Quantitative real-time polymerase chain reaction of homozygous samples

For each homozygous sample, cDNA generated from 6.52 ng RNA was assayed in 10 μl final volume containing 0.5 μl of 20x Primer Probes (IKZF3: Hs00232635_m1 or IQGAP1: Hs00896595_m1, Applied Biosystems), 5 μl TaqMan Gene expression Master mix (Applied Biosystems) and 3.5 μl RNase-free water (Qiagen). A negative control without template and no–RT control were included in each plate. The reactions were performed in duplicates in a MicroAmp optical 384 well reaction plate (Applied Biosystems) on the ViiA7 Real-Time PCR system (Applied Biosystems), and data were analysed by SDS v. 2.3 software (Applied Biosystems). A standard curve was prepared from whole blood RNA from MS cases with a 1:2 fold dilution series (33.33-0.26 ng/μl). Gene expression was normalized relative to the housekeeping genes 18S rRNA (4319413E), TBP (4326322E), and GAPDH (Hs03929097_g1). 18S rRNA was selected as the preferential reference gene given its low variance in Ct between the different samples (data not shown).

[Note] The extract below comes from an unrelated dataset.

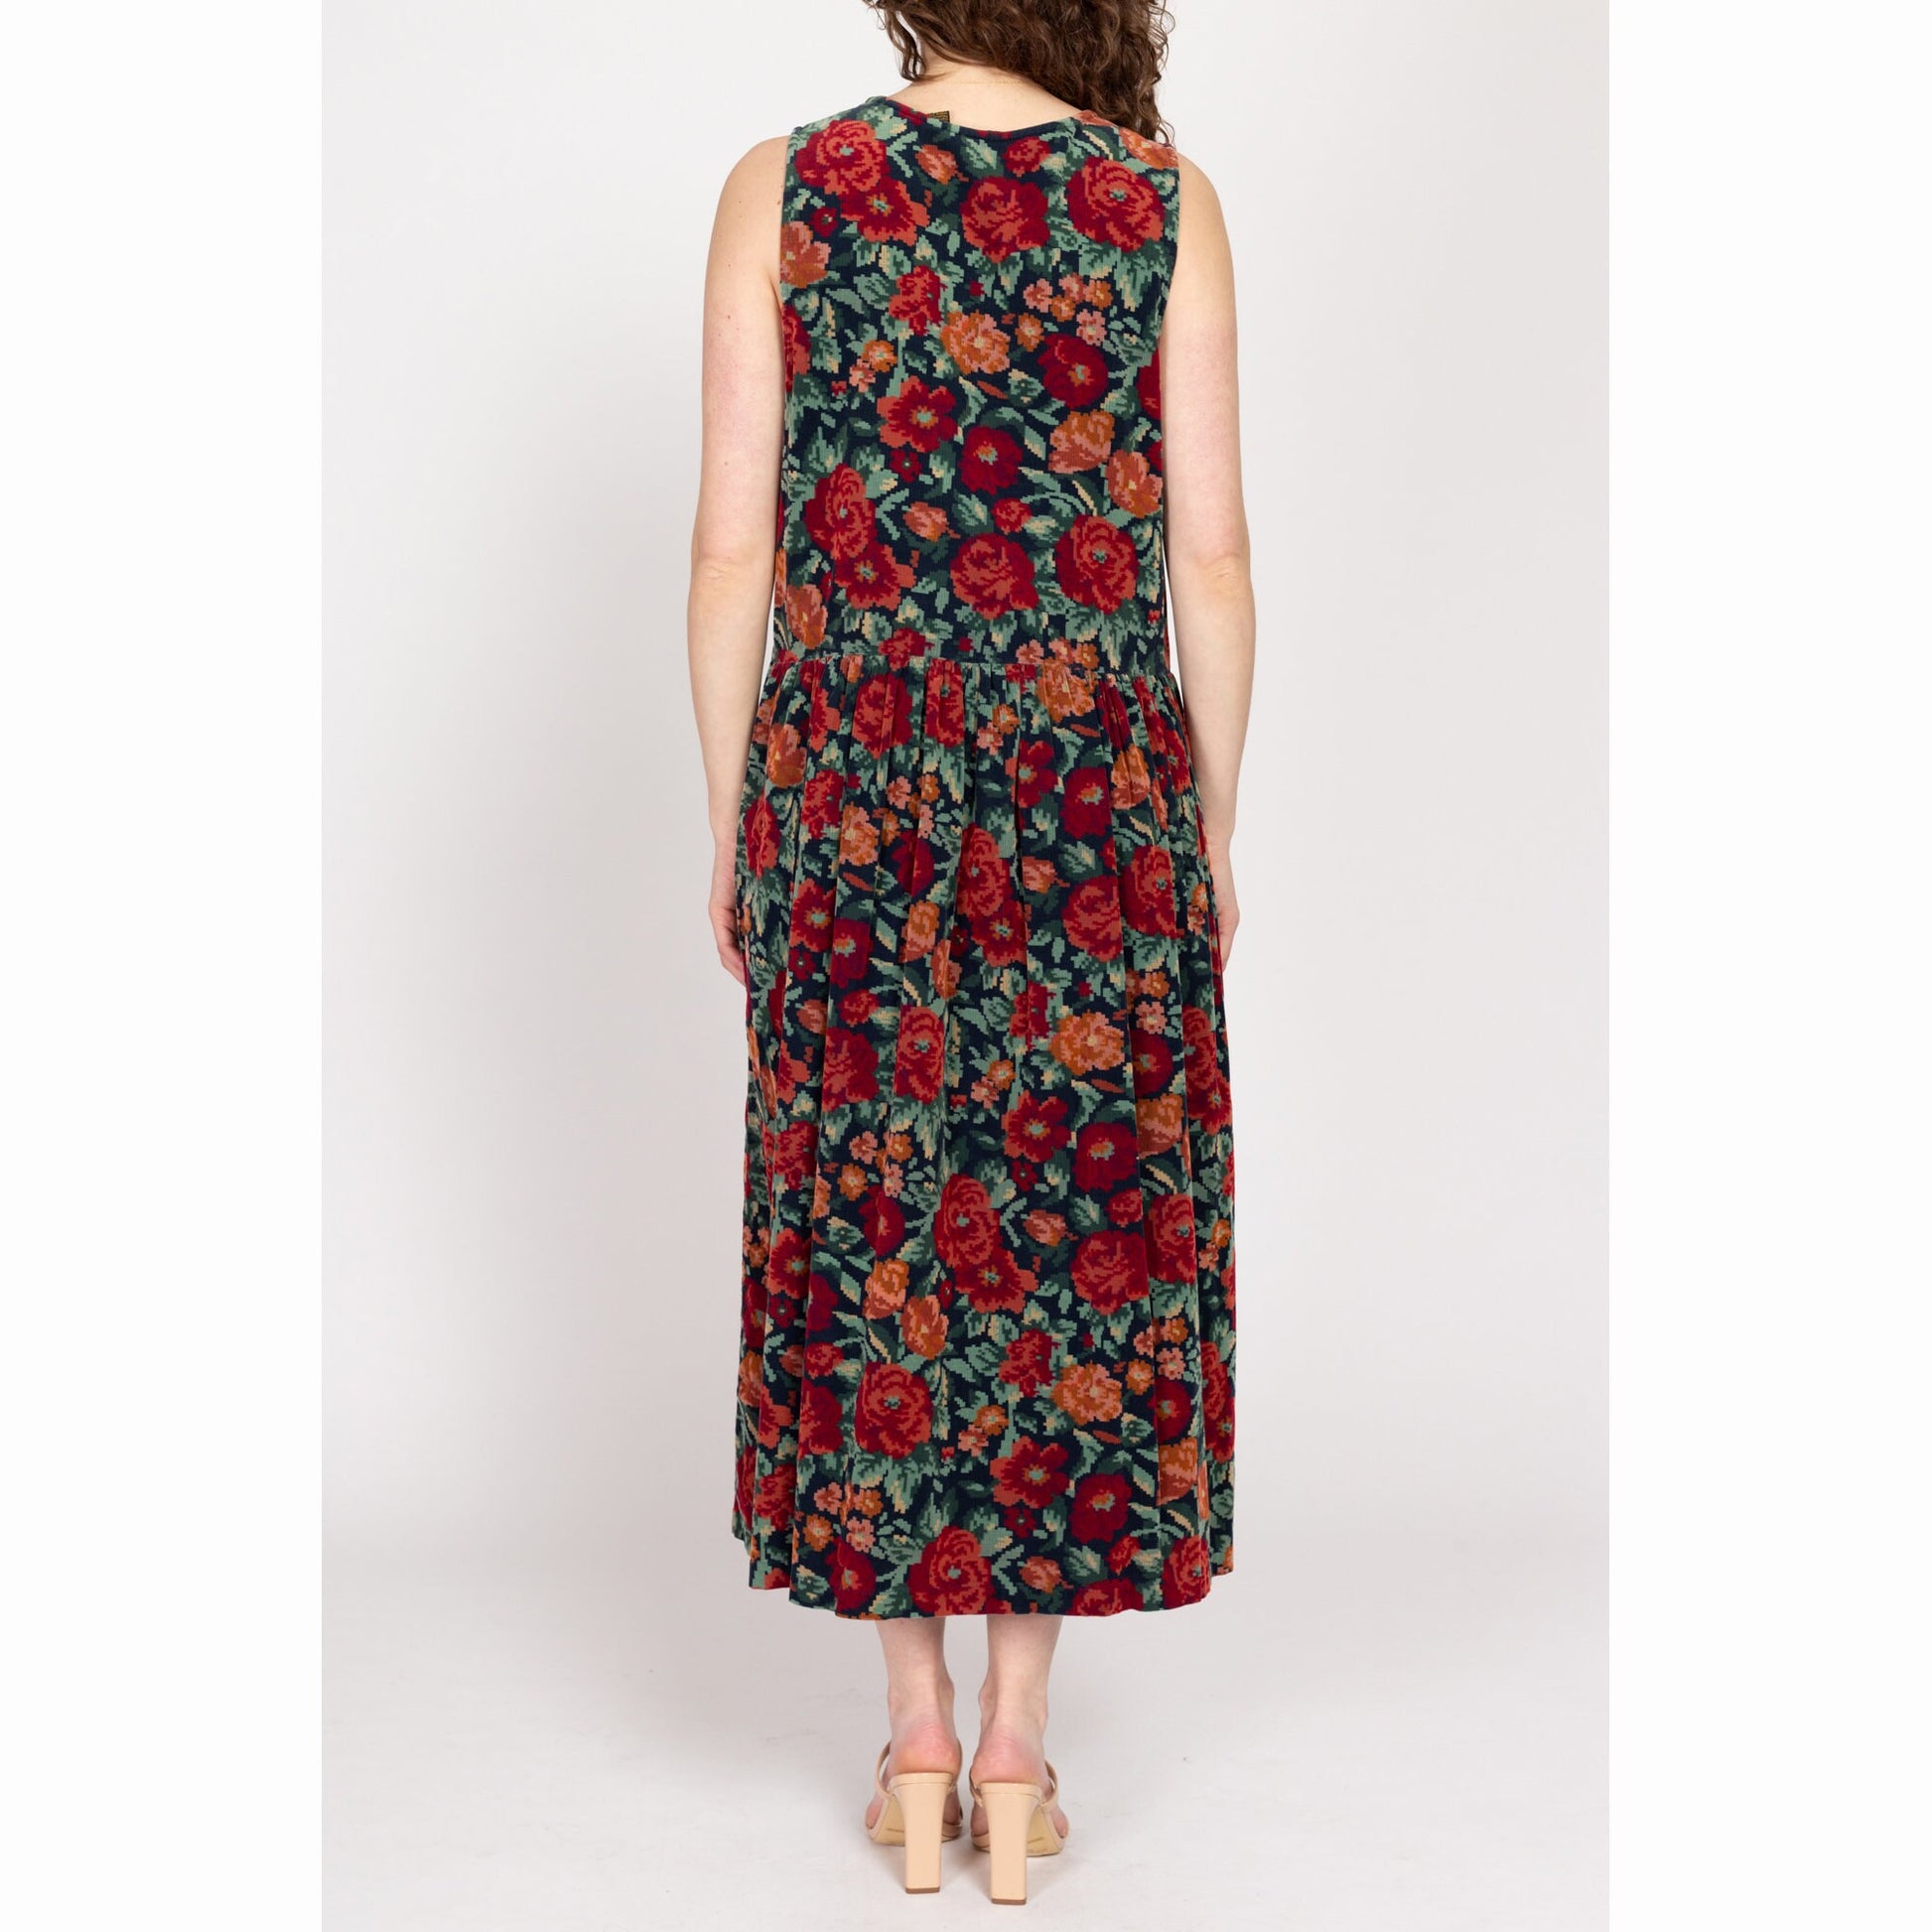 Medium 80s 8-Bit Floral Corduroy Pinafore Dress | Vintage Eddie Bauer Blue Red Cotton Sleeveless Maxi Jumper Dress

Peripheral blood mononuclear cells collection, cell lysis and Western blot analyses

Whole blood samples from 32 healthy donors were collected among hospital employees and peripheral blood mononuclear cells were isolated by Lymphoprep (Axis Shield, Dundee, Scotland). Cells were resuspended in reducing SDS-loading buffer, sonicated and heated at 95 °C for 5 min. Proteins from 250,000 cells were separated by SDS-polyacrylamide gel electrophoresis using pre-made Criterion gels (BioRad, Hercules, CA, USA) and transferred to polyvinylidene fluoride membrane (BioRad) using a Hoefer Semi-Phor Semi-Dry transfer unit (Amersham Biosciences, Buckinghamshire, UK). The membrane was blocked in 3 % skimmed milk in Tris-buffered saline (TBS, pH 7.4) containing 0.1 % Tween-20 (Sigma Aldrich Corp., St Louis, MO, USA) (TBS-T) before incubation with antibodies, rabbit anti-IQGAP1 (ab133490, Abcam, Cambridge, UK) or mouse anti-GAPDH (6C5, sc-32233, Santa Cruz Biotechnology, Dallas, TX, USA). Bound antibodies were visualized by incubation with secondary horseradish peroxidase-conjugated goat anti-rabbit IgG or goat anti-mouse IgG (Jackson ImmunoResearch Laboratories Europe Ltd., Suffolk, UK) and ECL prime Western blotting detection reagent (GE Healthcare, Oslo, Norway ) and the ChemiDoc Touch Imaging System (BioRad). Densiometry of the Western blots was analysed by the ImageJ software [21].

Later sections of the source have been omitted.